Broadband Internet Service

The evolution of Broadband Internet service

The confluence of two forces-the globalization of business and the networking of information technology has created the internet economy. Electronic commerce and technology industries are changing the economy of the world at breathtaking speeds. The new economy is defining how people do business, communicate, shop, have fun, learn and live on a global basis- connecting everyone to everyone. As the internet market continues to explode, demand for greater bandwidth and faster connection speeds has led to several technological approaches to provide broadband internet service access to all consumers. Ubiquitous broadband access to the internet is an essential ingredient needed to gain the most out of what the internet has to offer. Any operator that fails to announce and implement a broadband strategy, including providers serving rural communities, will suffer consumer defections and a decline in retention rates for both business and residential customer. Broadband internet service is not only about providing the pipes to carry the traffic on the internet but also about how the traffic will be carried.
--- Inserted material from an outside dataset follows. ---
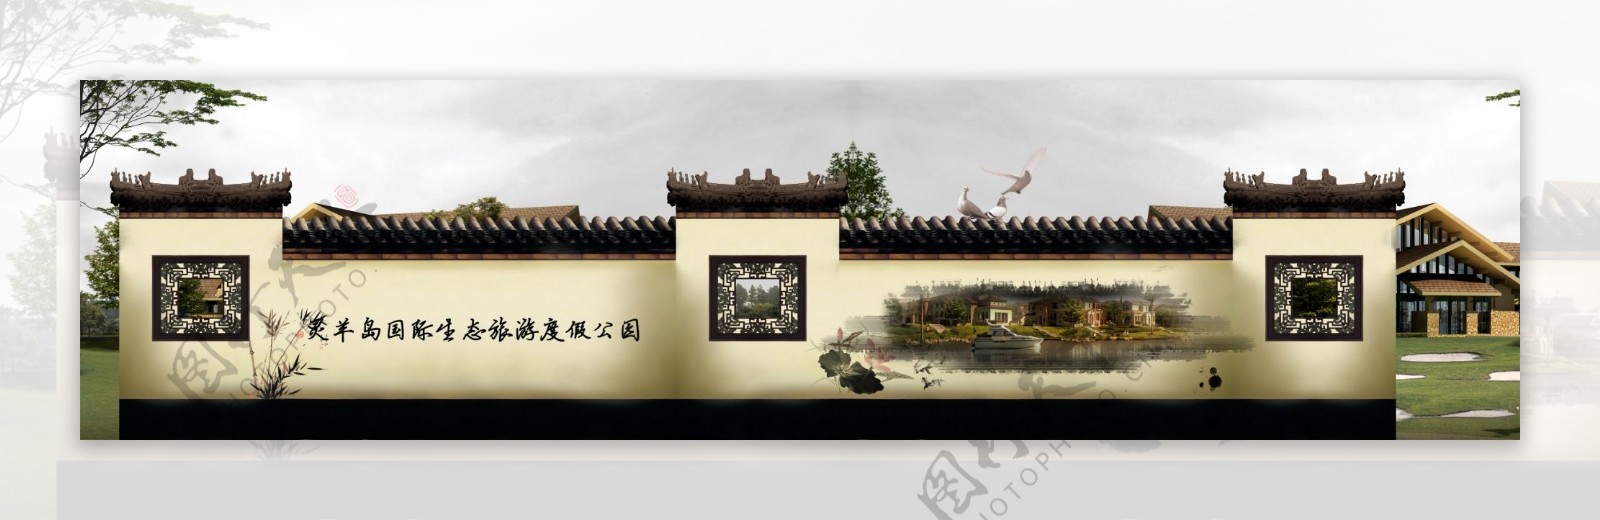 房地产围墙广告图片围墙效果图背景图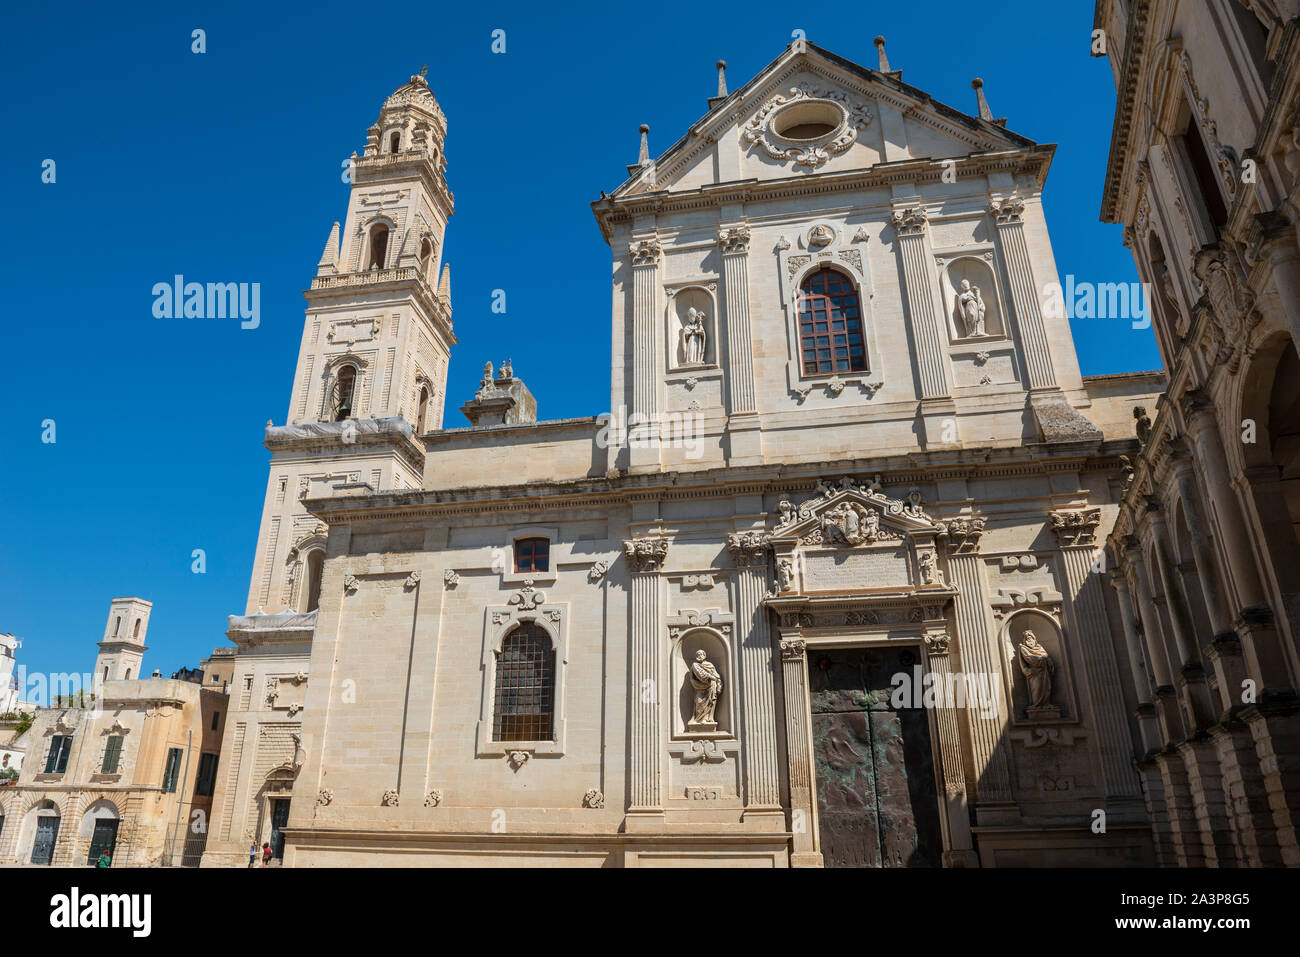 Fachada Lateral de la Cattedrale di Santa Maria Assunta (Iglesia de Santa María de la Asunción) en la Piazza del Duomo en Lecce, Apulia (Puglia) del sur de Italia Foto de stock

Demand forBroadband Internet service

As the internet market continues to explode, demand for greater bandwidth and faster connection speeds have led to the development of several technological approaches to provide broadband internet service to all consumers. The demand is driven mostly by growth in data volumes as the internet and related networks become more central to business operations. Today's telecom industry is undergoing a bandwidth shortage driven mostly by continuing explosion of the internet and data markets. Demands come from three primary sources: small and mid-size businesses and small offices/home offices( SOHO ), consumers, and multiple-tenant units(MTU) or in-building fibre builders and universities.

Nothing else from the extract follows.